1. The value of y varies inversely as sqrt x and when x=24,y=15 . What is x when y=3?

2. Adam ran across the field at a speed of 5 yards per second and walked back along the same path at a speed of 2 yards per second. For how many seconds did he run if the total round-trip time was three and a half minutes?

3. Suppose a is jointly proportional to b and c. If a=4 when b=8 and c=9, then what is a when b=2 and c=18.

sinclairdragon428 Jun 12, 2019

#1**+2 **

2. Adam ran across the field at a speed of 5 yards per second and walked back along the same path at a speed of 2 yards per second.

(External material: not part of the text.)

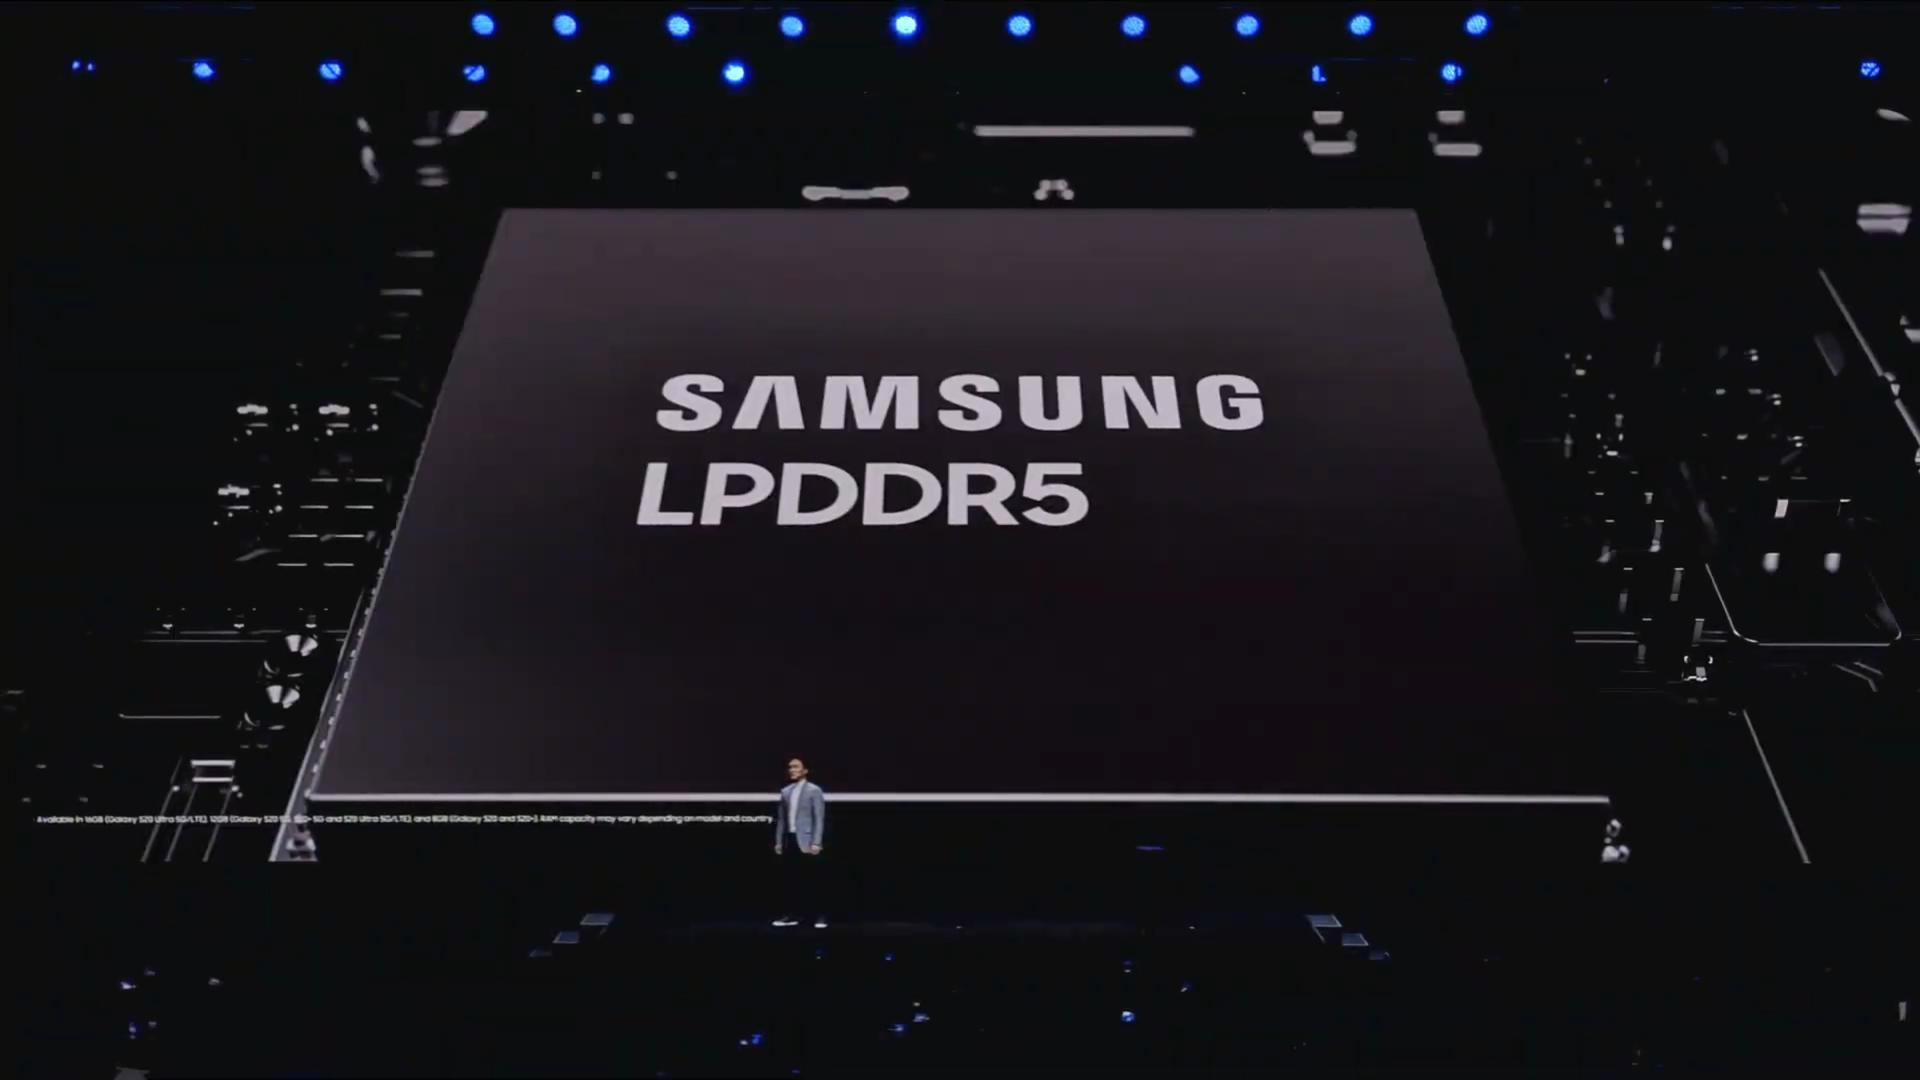 galaxy S20 LPDDR5 Samsung Unpacked 2020

For how many seconds did he run if the total round-trip time was three and a half minutes?

3 1/2 minutes = 3 min 30 sec = 210 sec

Call the distance across the field D

And Distance / Rate = Time ...so..

Time Running + Time Walking = Total Time.

D / 5 + D / 2 = 210

2D + 5D

________ = 210 multiply through by 10

10

7D = 2100 divide both sides by 7

D = 300 yards

So....the time walking = 300/2 = 150 sec = 2 min 30 sec

And the time running = 300/5 = 60 sec = 1 minute

CPhill Jun 12, 2019

#2

#6**+2 **

\(y\ =\ \frac{15\sqrt{24}}{\sqrt{x}}\)

What is x when y = 3 ? Plug in 3 for y and solve for x .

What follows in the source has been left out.